We deploy a model endpoint for each model to be used in our AI applications. Multiple model end-points are supported concurrently by the VMware Private AI Model Runtime service. Each model is loaded into the chosen inference engine such that it provides a long-running service to the applications that need it. The user chooses the appropriate inference engine for their model from a supplied set. This inference engine is typically vLLM for a completions model or Infinity for an embeddings model. Here is a view of that choice of “Model Type” and “Engine”.
The deployer also chooses the appropriate GPU allocation, if access to a GPU is required for the model, using the concept of a VM class as seen below. These VM classes will be pre-built by the system administrator to allow certain GPU uses. Some VM class examples apply for GPU situations and others apply in non-GPU cases (the latter applies to smaller models, mainly).

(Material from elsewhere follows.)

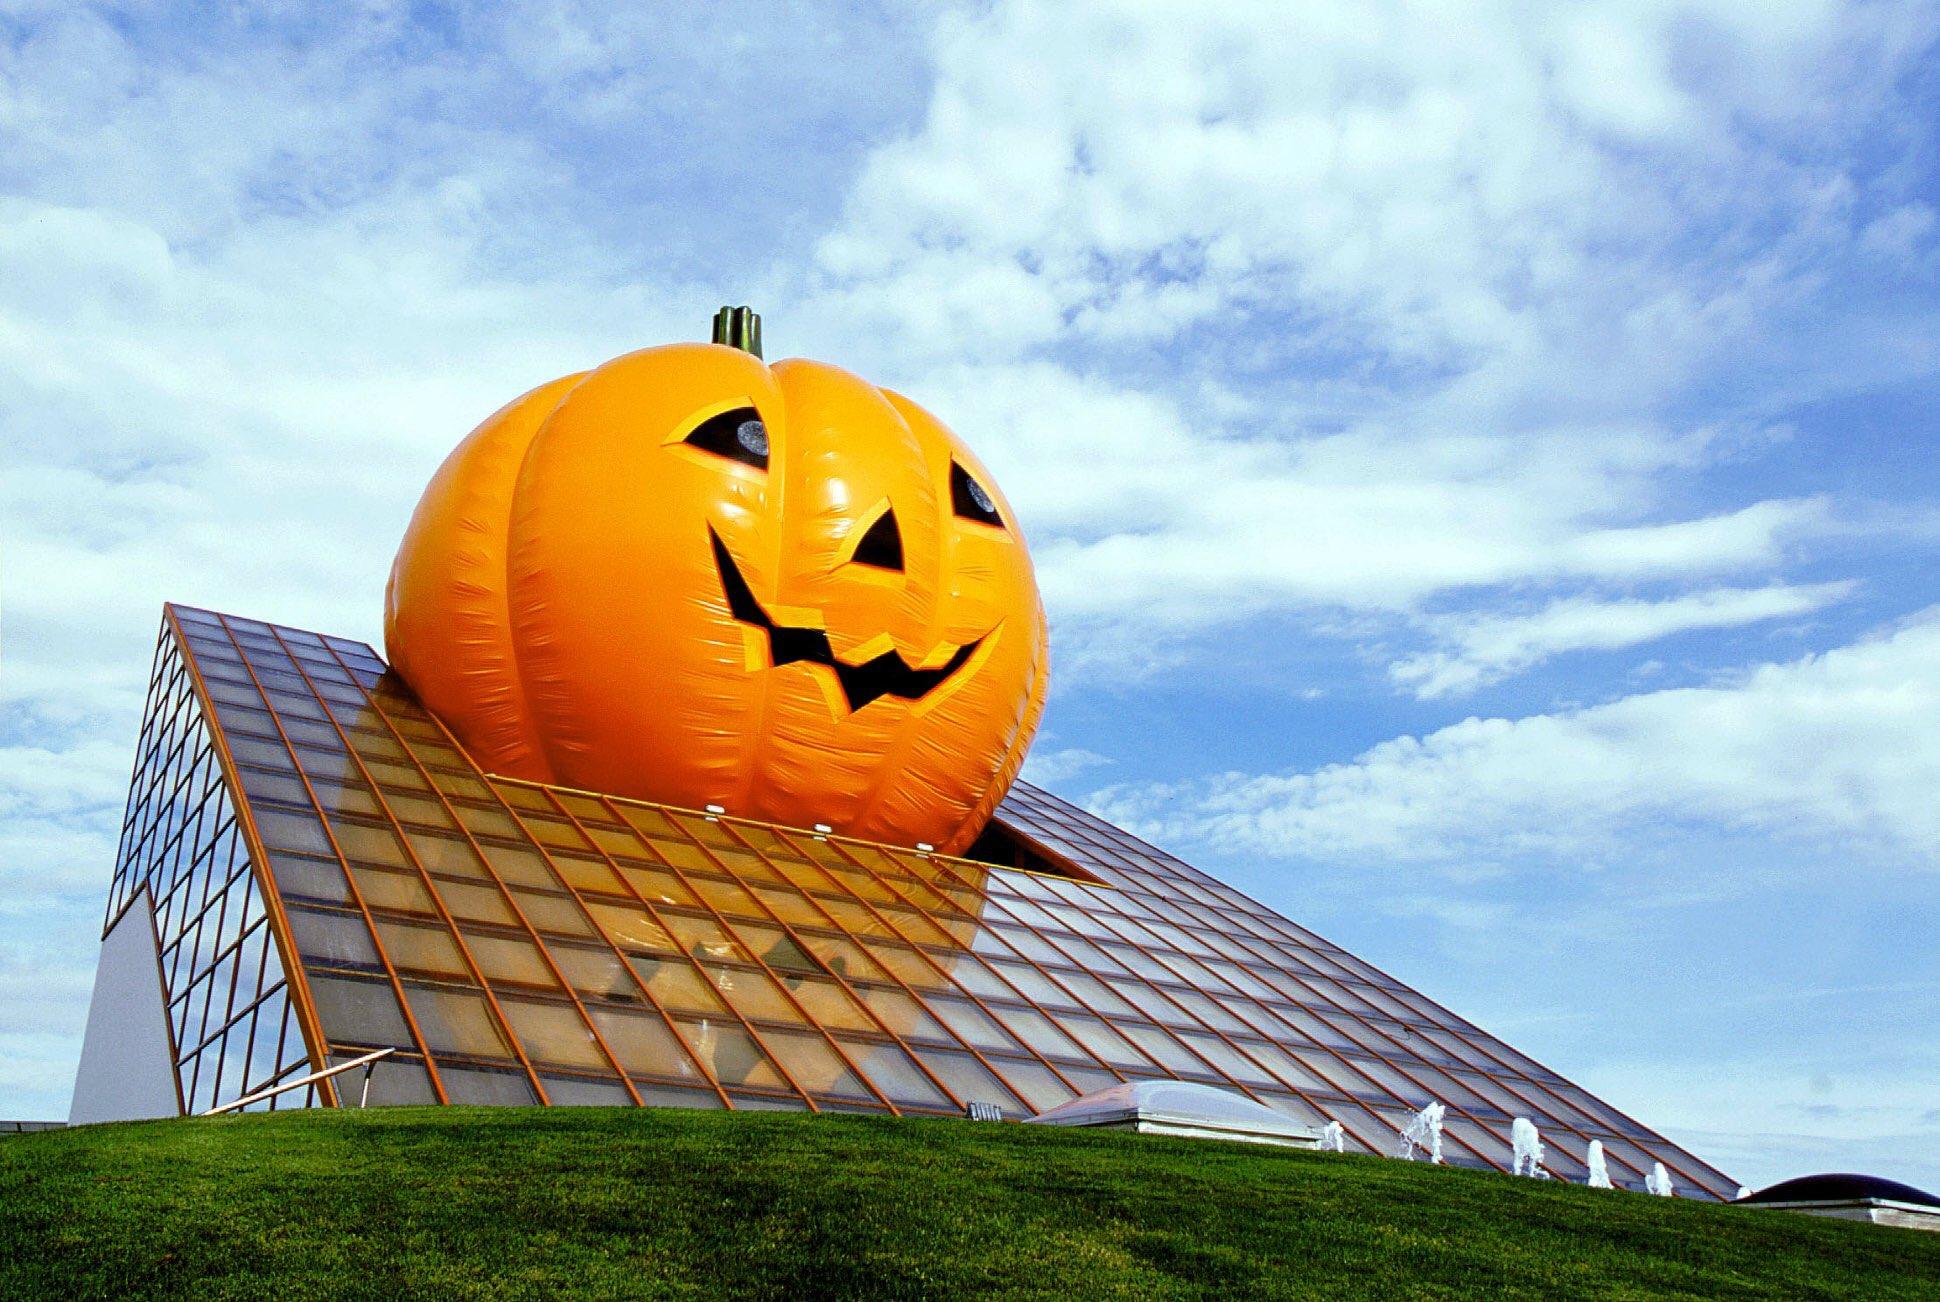 Futuroween - Halloween du 19 octobre au 3 novembre 2019 EIPgt-Qi-Ws-AAKORW-format-jpg-name-large
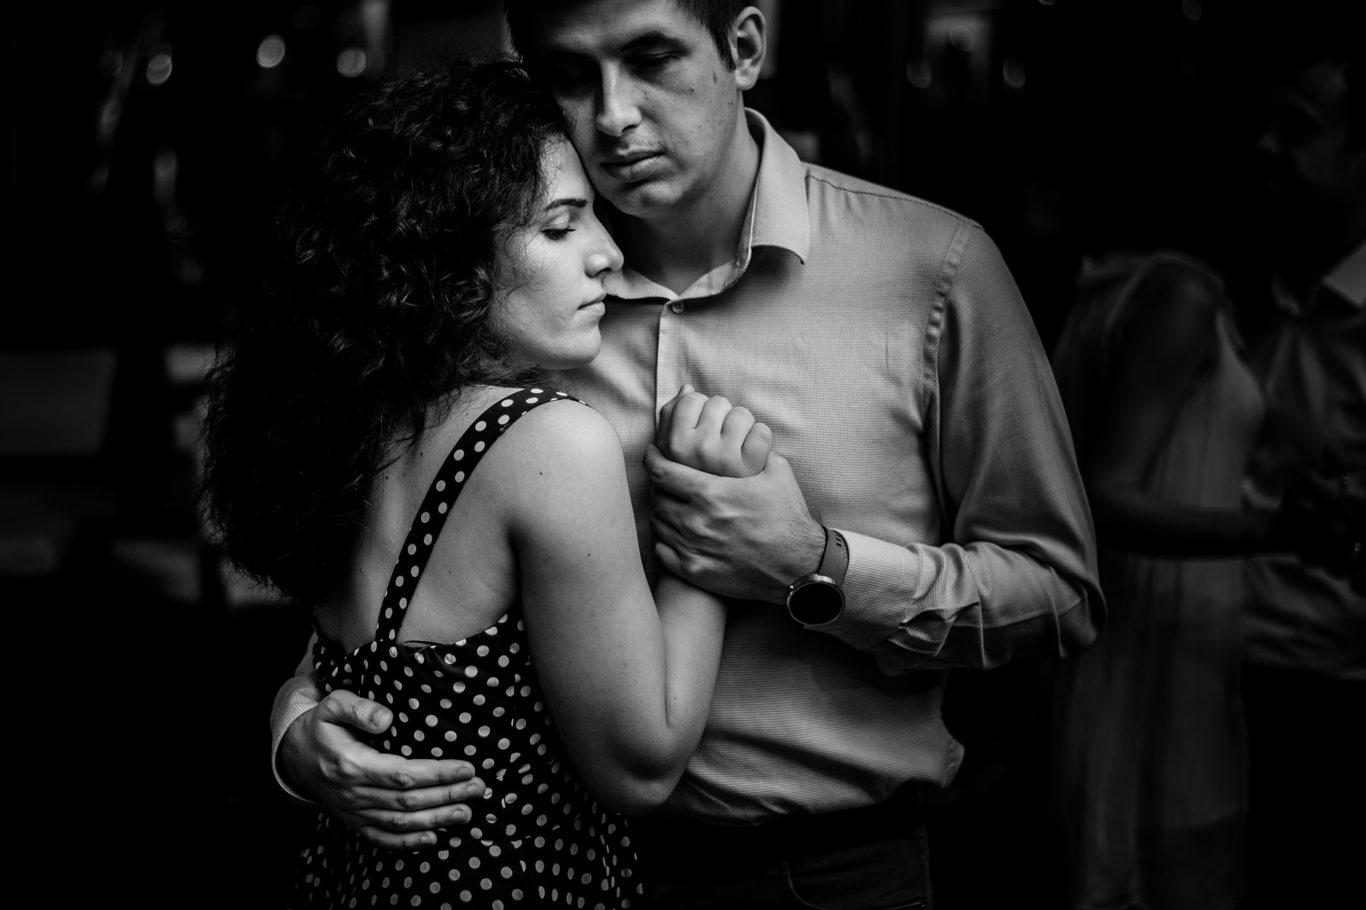 0760-fotografie-nunta-bucuresti-rodica-rares-fotograf-ciprian-dumitrescu-dsc_3791

The model endpoint is supported initially by a node in a pre-built VMware Kubernetes Service cluster. There can be multiple nodes in a nodepool dedicated to that endpoint to give scale-out ability to the model. Within the Kubernetes node, a pod containing an inference engine such as vLLM or Infinity is running with the appropriate set of GPU resources for use by the model. This means that a Kubernetes nodepool supports the end-point, giving resiliency. Importantly, the models can be accessed through an API gateway component of the Model Runtime.
The API Gateway provides authentication and authorization of user requests incoming to a model and helps with load balancing of requests across sets of models.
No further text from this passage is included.